The Boyer-Moore algorithm is a highly efficient string-searching algorithm. Unlike naive string search, which checks every possible position, Boyer-Moore uses heuristics to skip characters and reduce the number of comparisons. This makes it particularly useful for searching large texts for relatively short patterns. This post will guide you through implementing the Boyer-Moore algorithm in Python.

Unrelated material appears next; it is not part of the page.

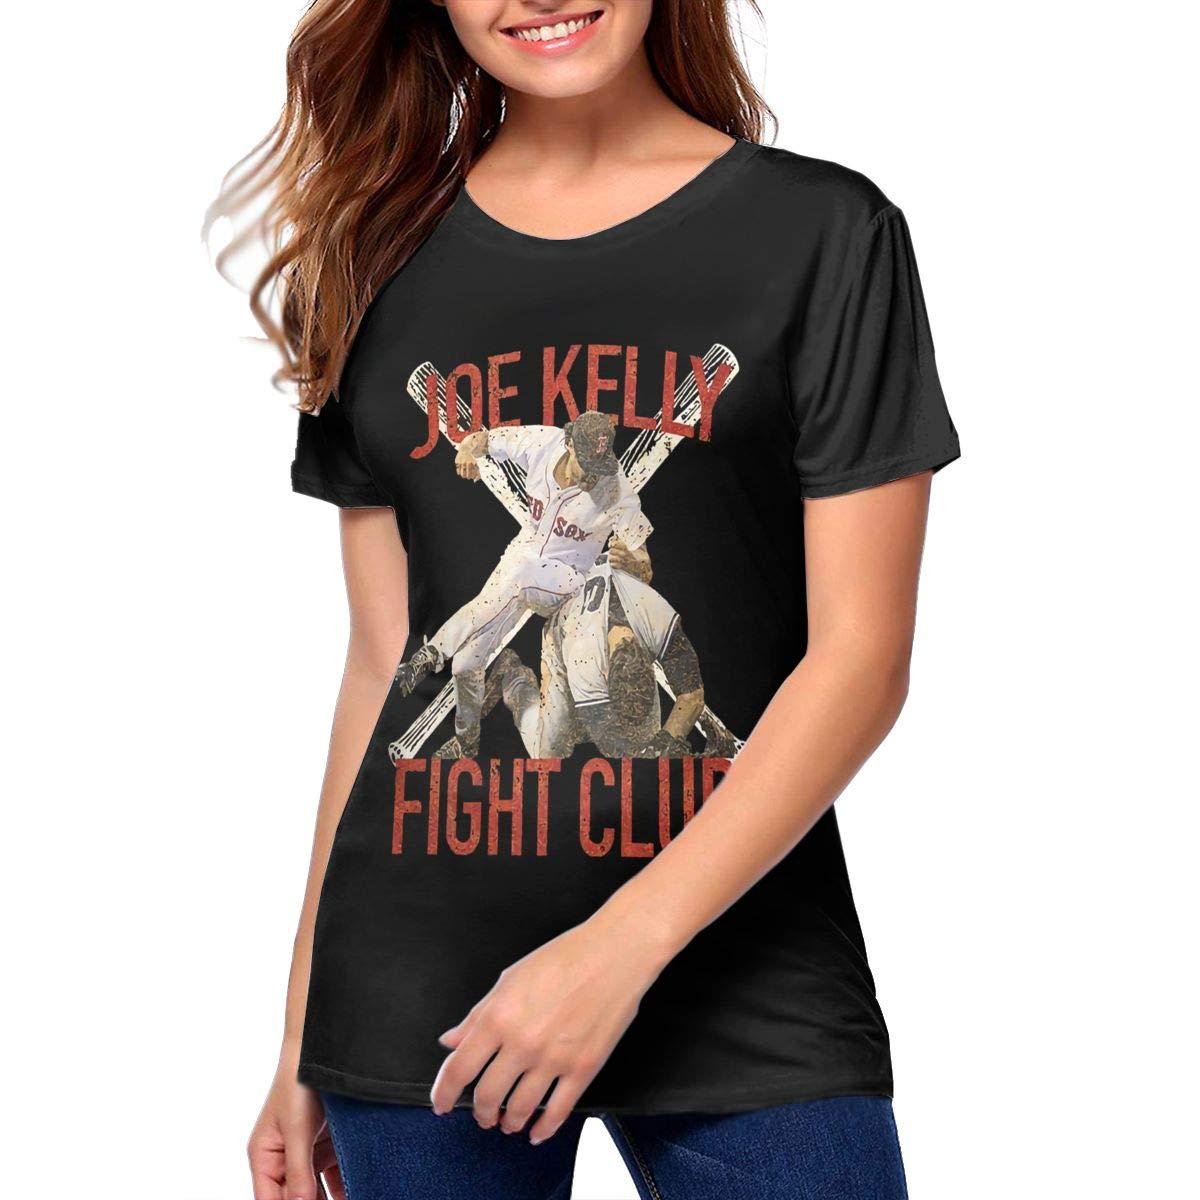 Tammyrlewis Women S Joe Kelly Fight Boston Baseball Club Casual Fashion S Black Shirts

Understanding the Heuristics

The algorithm’s efficiency stems from two key heuristics:

Bad Character Heuristic: If a mismatch occurs at a character c in the pattern, the algorithm shifts the pattern to the right until either:
- c appears in the pattern at or to the right of the mismatch position, or
- the end of the pattern is reached.
Good Suffix Heuristic: If a mismatch occurs, the algorithm examines the suffix of the pattern that matches the text. It then shifts the pattern based on the occurrences of this matching suffix within the pattern itself.

Python Implementation

Let’s break down a Python implementation of the Boyer-Moore algorithm:

def boyer_moore(text, pattern):
    """
    Implements the Boyer-Moore string matching algorithm.

    Args:
        text: The text to search within.
        pattern: The pattern to search for.

    Returns:
        A list of indices where the pattern is found in the text.  Returns an empty list if no matches are found.
    """

    m = len(pattern)
    n = len(text)
    if m > n:
        return []  # Pattern is longer than the text

    # Preprocessing: Create bad character and good suffix tables
    bad_char = {}
    for i in range(m - 1):
        bad_char[pattern[i]] = m - 1 - i

    suffix = {}
    for i in range(m):
        suffix[i] = m

    for i in range(m - 1):
        j = i
        k = 0
        while j >= 0 and pattern[j] == pattern[m - 1 - k]:
            j -= 1
            k += 1
            suffix[k] = j + 1

    for i in range(m - 1):
      j=m-1-i
      k=1
      while k <= m-1-i and j<m-1:
        if pattern[j]==pattern[m-1-k]:
            suffix[k]=j+1
            j=j-1
            k=k+1
        else:
            break

    # Search
    occurrences = []
    i = 0
    while i <= n - m:
        j = m - 1
        while j >= 0 and pattern[j] == text[i + j]:
            j -= 1
        if j == -1:
            occurrences.append(i)
            i += 1  # Shift by one after a match
        else:
            shift = 0
            if text[i + j] in bad_char:
                shift = max(shift, j - bad_char[text[i + j]])

            suffix_shift = suffix[1]
            if j < m - 1 and j > 0:
              k=1
              while k <=j+1:
                if pattern[m-1-k]==text[i+j]:
                  suffix_shift=min(suffix_shift,j+1-suffix[k])
                k=k+1

            shift = max(shift, suffix_shift)
            i += shift



    return occurrences


# Example Usage
text = "This is a test string to demonstrate the Boyer-Moore algorithm."
pattern = "algorithm"
matches = boyer_moore(text, pattern)
print(f"Pattern '{pattern}' found at indices: {matches}")

text = "ABABDABACDABABCABAB"
pattern = "ABAB"
matches = boyer_moore(text, pattern)
print(f"Pattern '{pattern}' found at indices: {matches}")

This code implements both the bad character and good suffix heuristics. The bad_char and suffix dictionaries are pre-computed for efficiency. The main search loop iterates through the text, utilizing the heuristics to efficiently skip portions of the text.

Optimizations and Further Reading

While this implementation provides a good understanding of the algorithm, further optimizations are possible, particularly for very large texts and patterns. Consider exploring these avenues for enhanced performance:

Using more complex data structures: Replacing dictionaries with more efficient structures for specific cases.
Further refinement of the good suffix heuristic: Implementing variations for improved shift calculations.

This post provides a solid foundation for understanding and implementing the Boyer-Moore algorithm. Experiment with different texts and patterns to observe its efficiency firsthand.